- Mark as New
- Bookmark
- Subscribe
- Mute
- Subscribe to RSS Feed
- Permalink
- Report Inappropriate Content
Hi,
I have a C++ application which is coded this way:
- The main program does not need much memory (just a few variables). But this main program runs a loop in which we call a function.
- This function needs about 140 MB of memory to run. The memory is allocated in the function and then released (using RAII).
When I run this program overnight on OSX, here is the data I get from "Activity Monitor", or "top" in terms of memory consumption
- After the first loop, the program takes 150 MB of memory
- After 68 loops, the program takes 220 MB of memory
- After 394 loops, the program takes 480 MB of memory
So it seems that the function, which allocates and deallocated 140 MB of memory, "leaks" about 1 MB each time it is called.
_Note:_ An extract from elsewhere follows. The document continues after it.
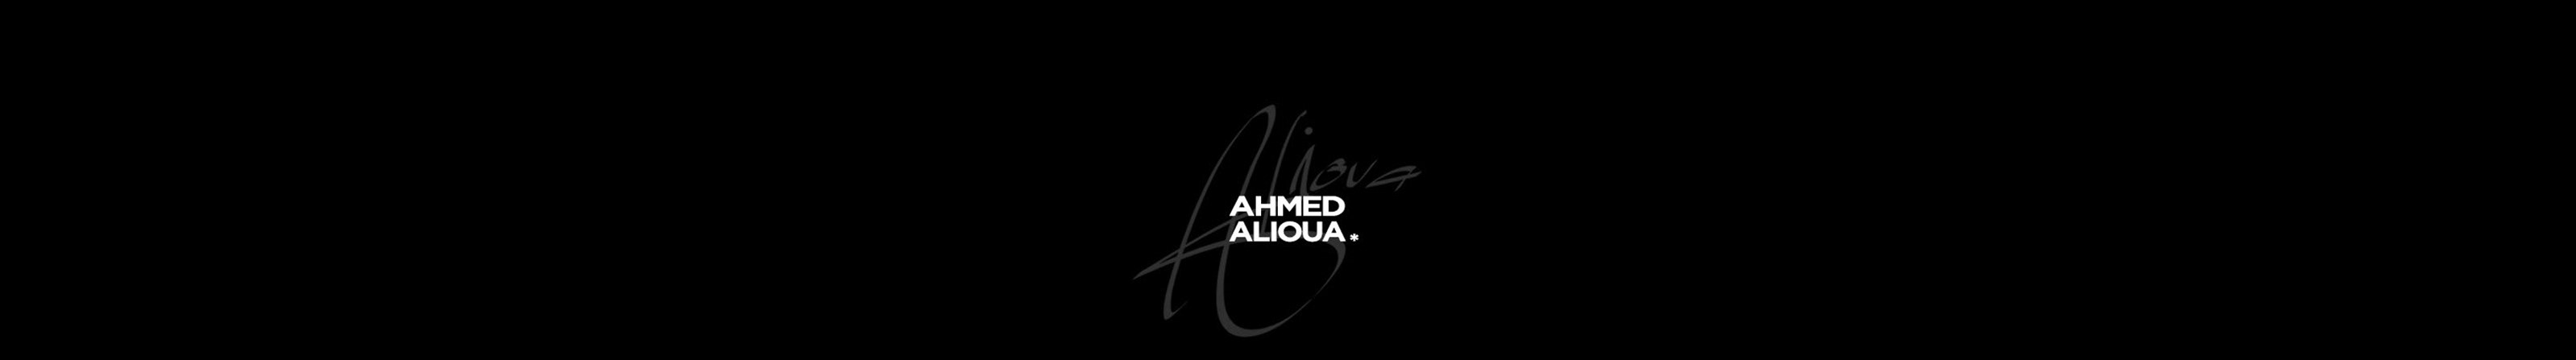 Ahmed Alioua's profile banner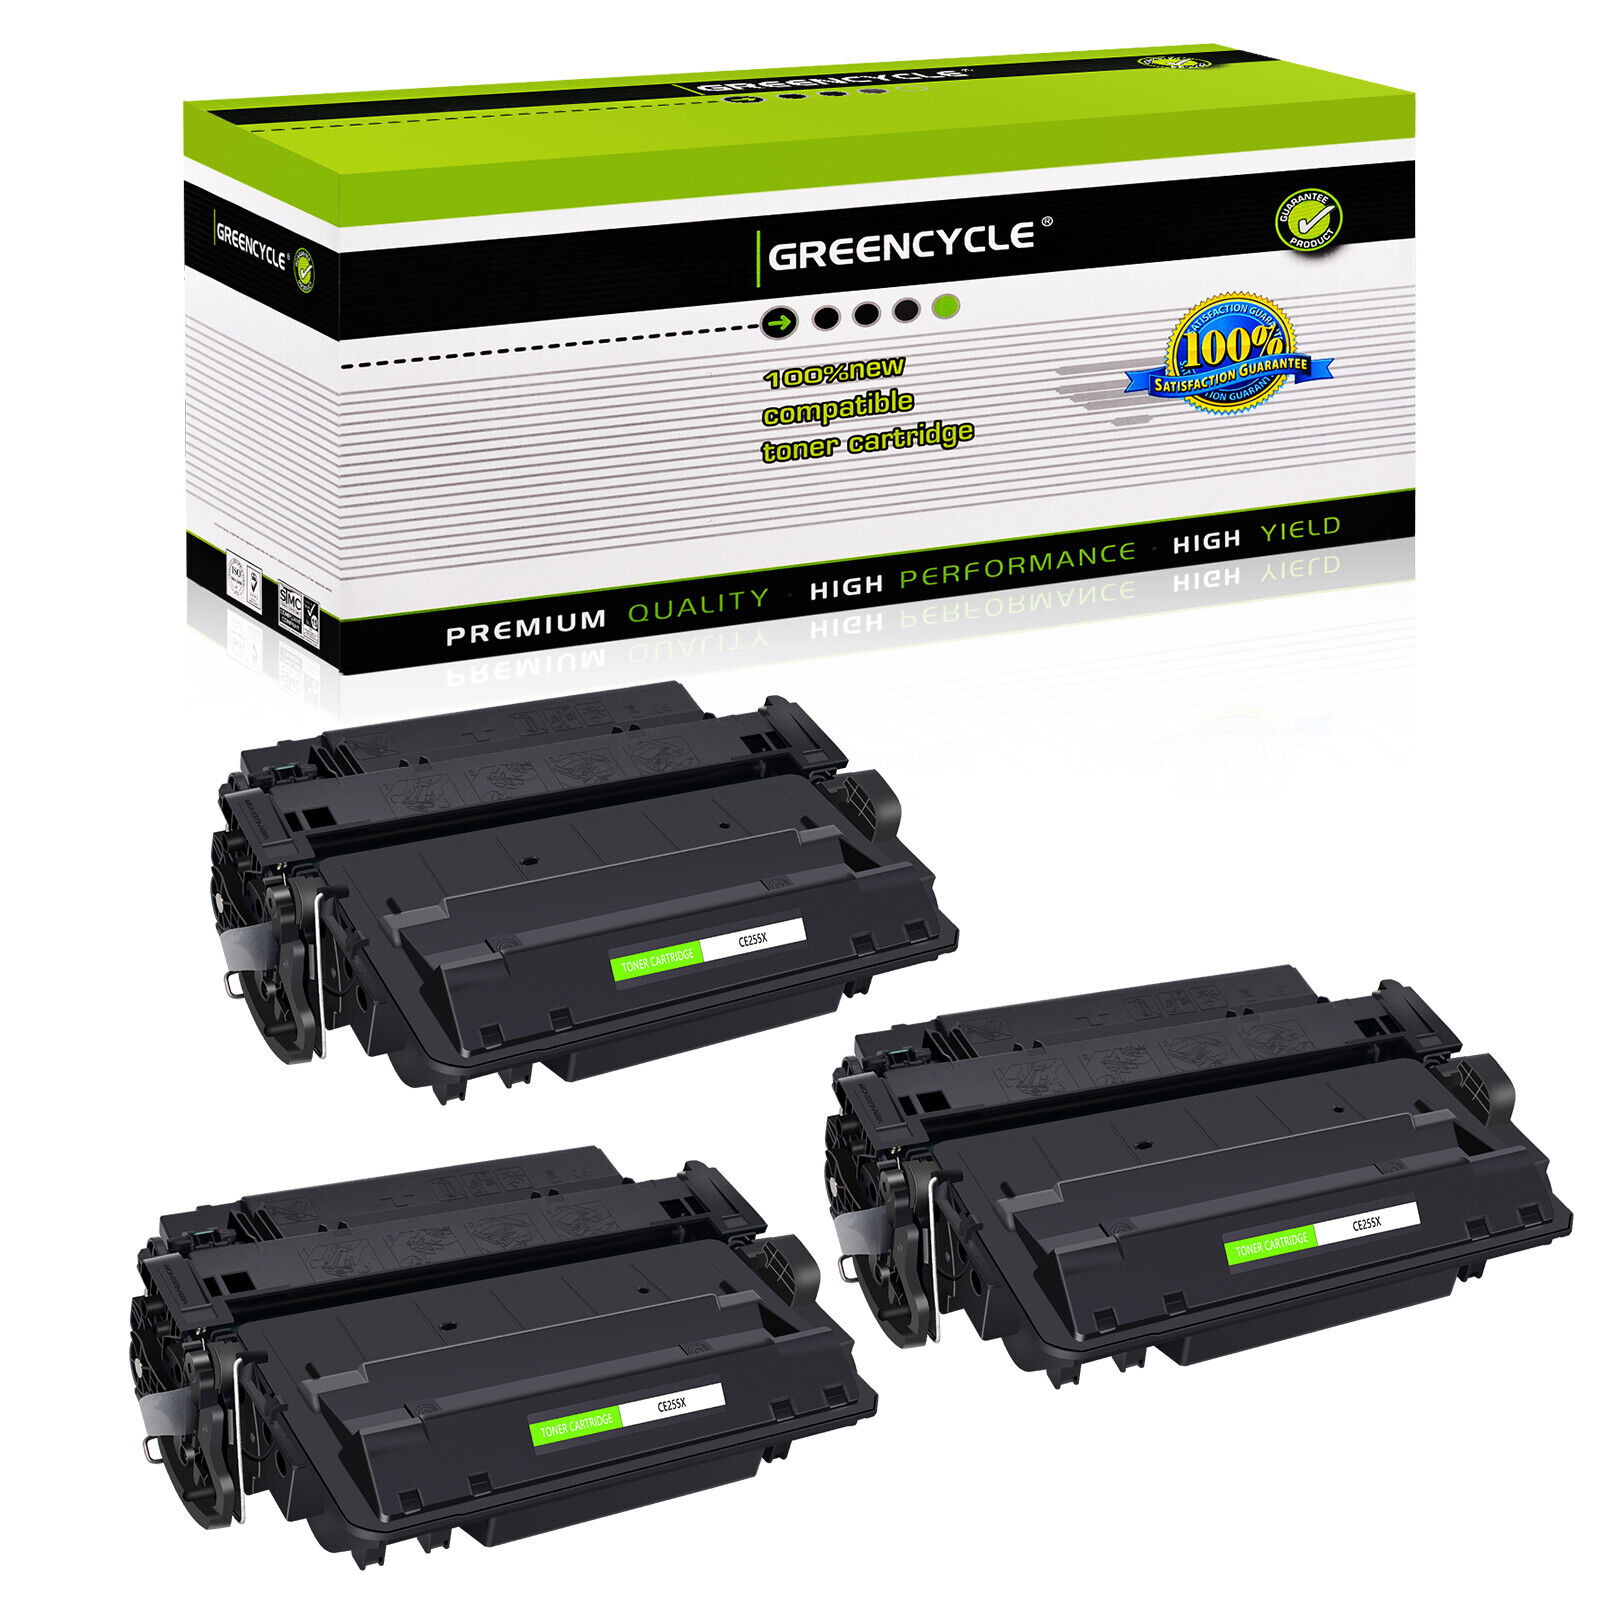 3x Toner Fits HP CE255X 55X LaserJet Pro 500 MFP M521DN M521DW M521dx Printer

In this function, the allocated objects are:
- My own version of std::vector which I call il::Vector, il::Matrix, il::Tensor. I have used these class in other codes and they seem fine.
- A class that calls Pardiso from the MKL. Using RAII, I take care of properly deallocating Pardiso memory before I destroy the class (using the phase -1).
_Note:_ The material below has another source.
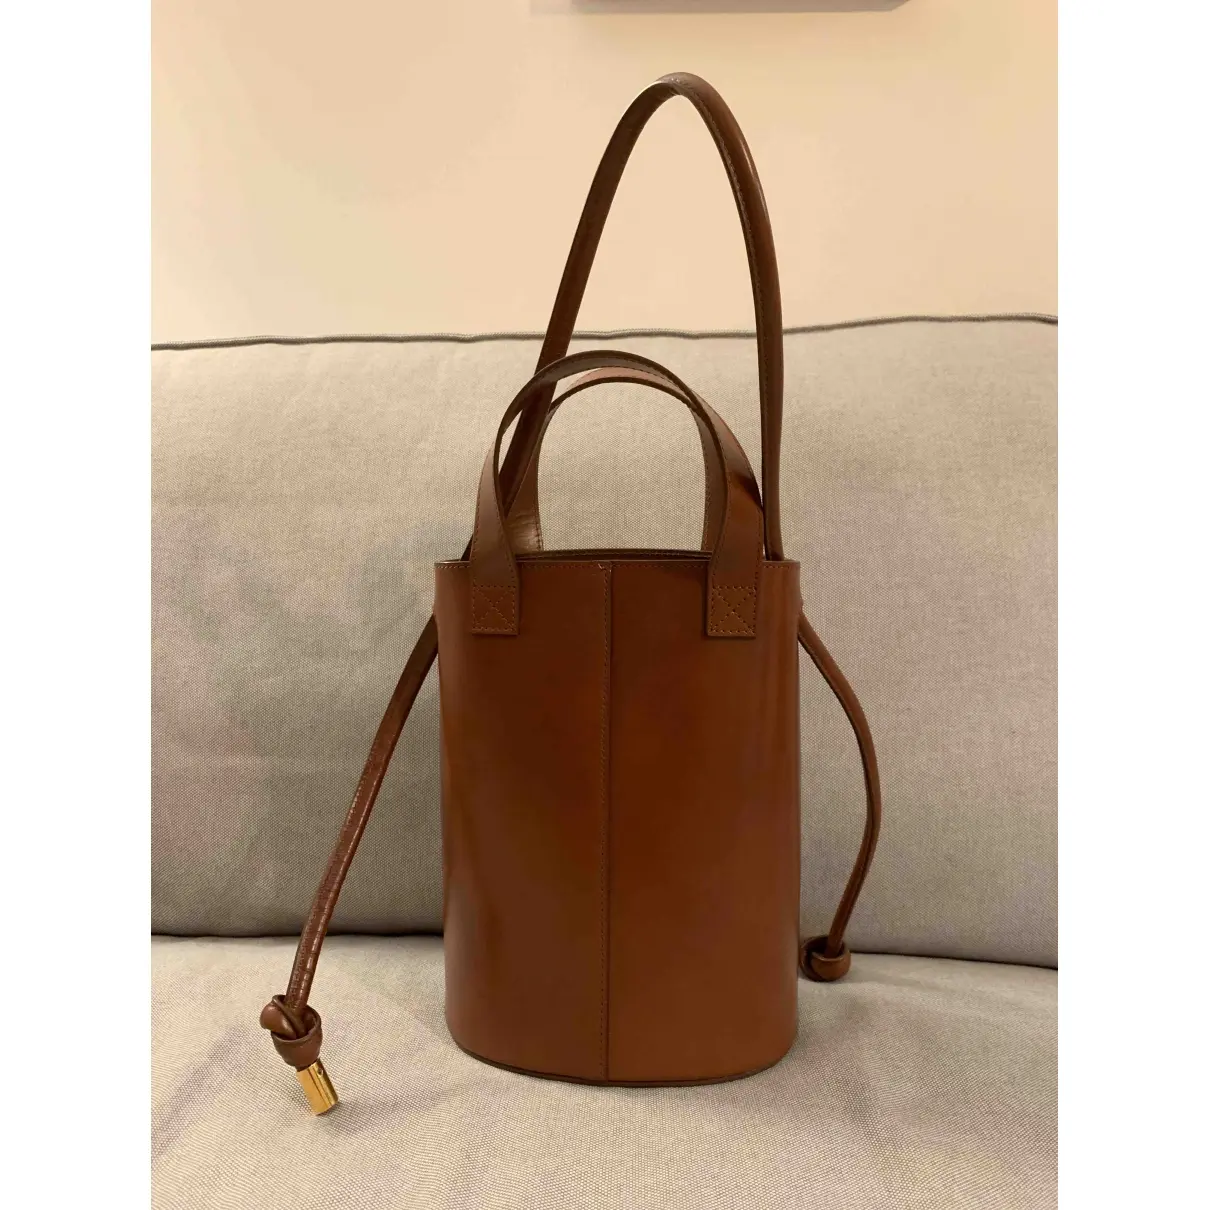 Trademark Leather handbag for sale

I have used Pointer Checker from Intel (on a Linux workstation) and Address Sanitizer from Clang on the program (with smaller inputs though) and they don't detect anything. I don't really know what to do. Is there a way memory fragmentation is responsible for this?
Link Copied
- Mark as New
- Bookmark
- Subscribe
- Mute
- Subscribe to RSS Feed
- Permalink
- Report Inappropriate Content
I think that I have found the culprit: the MKL. I use Pardiso, and the following example leaks very slowly: about 0.1 MB every 13 seconds which leads to 280 MB overnight. These are the numbers I get from my simulation.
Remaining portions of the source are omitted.